Traditional evaluation methods are not keeping pace with rapid developments in mobile health. More flexible methodologies are needed to evaluate mHealth technologies, particularly simple, self-help tools. One approach is to combine a variety of methods and data to build a comprehensive picture of how a technology is used and its impact on users.

Objective

This paper aims to demonstrate how analytical data and user feedback can be triangulated to provide a proportionate and practical approach to the evaluation of a mental well-being smartphone app (In Hand).

Methods

A three-part process was used to collect data: (1) app analytics; (2) an online user survey and (3) interviews with users.

Findings

Analytics showed that >50% of user sessions counted as ‘meaningful engagement’. User survey findings (n=108) revealed that In Hand was perceived to be helpful on several dimensions of mental well-being.

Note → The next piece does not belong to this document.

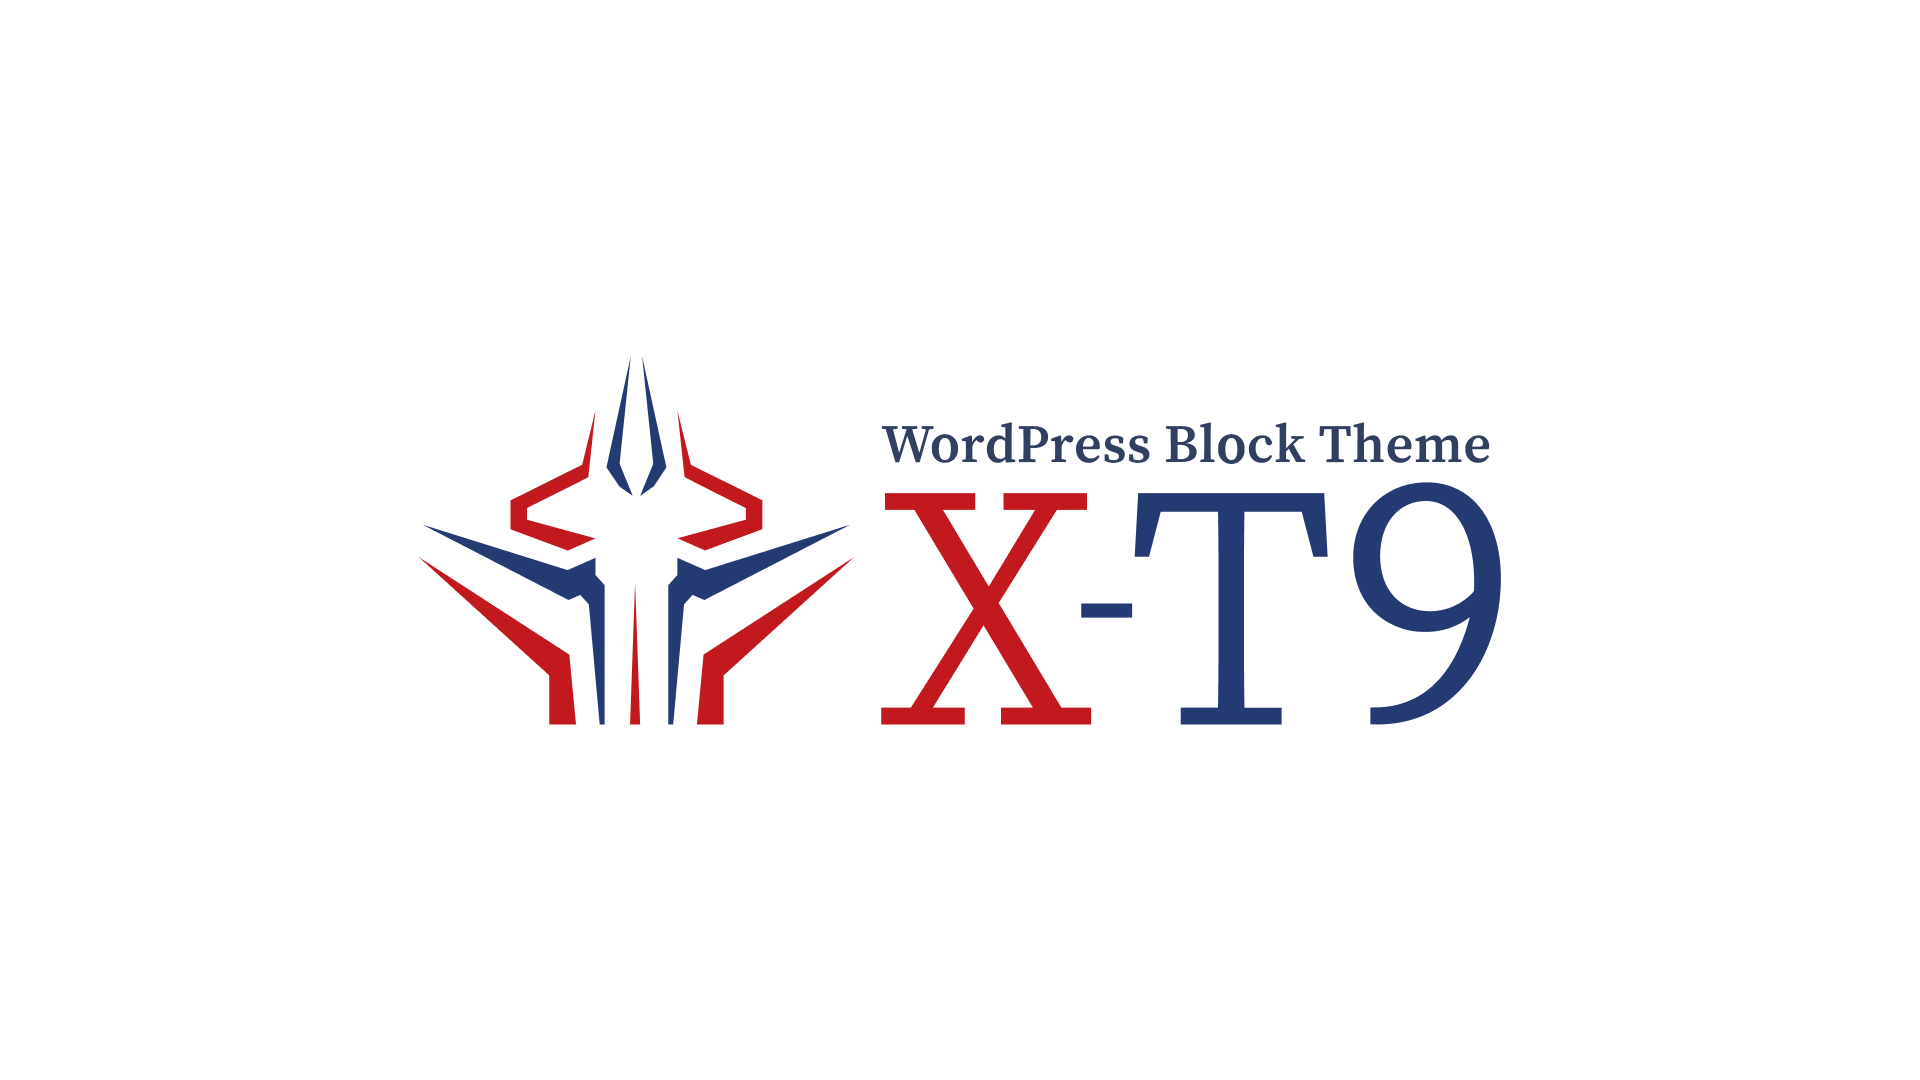 ブロックテーマ X-T9 を公開しました。

Interviews (n=8) provided insight into how these self-reported positive effects were understood by users.

Conclusions

This evaluation demonstrates how different methods can be combined to complete a real world, naturalistic evaluation of a self-help digital tool and provide insights into how and why an app is used and its impact on users’ well-being.

Clinical implications

This triangulation approach to evaluation provides insight into how well-being apps are used and their perceived impact on users’ mental well-being. This approach is useful for mental healthcare professionals and commissioners who wish to recommend simple digital tools to their patients and evaluate their uptake, use and benefits.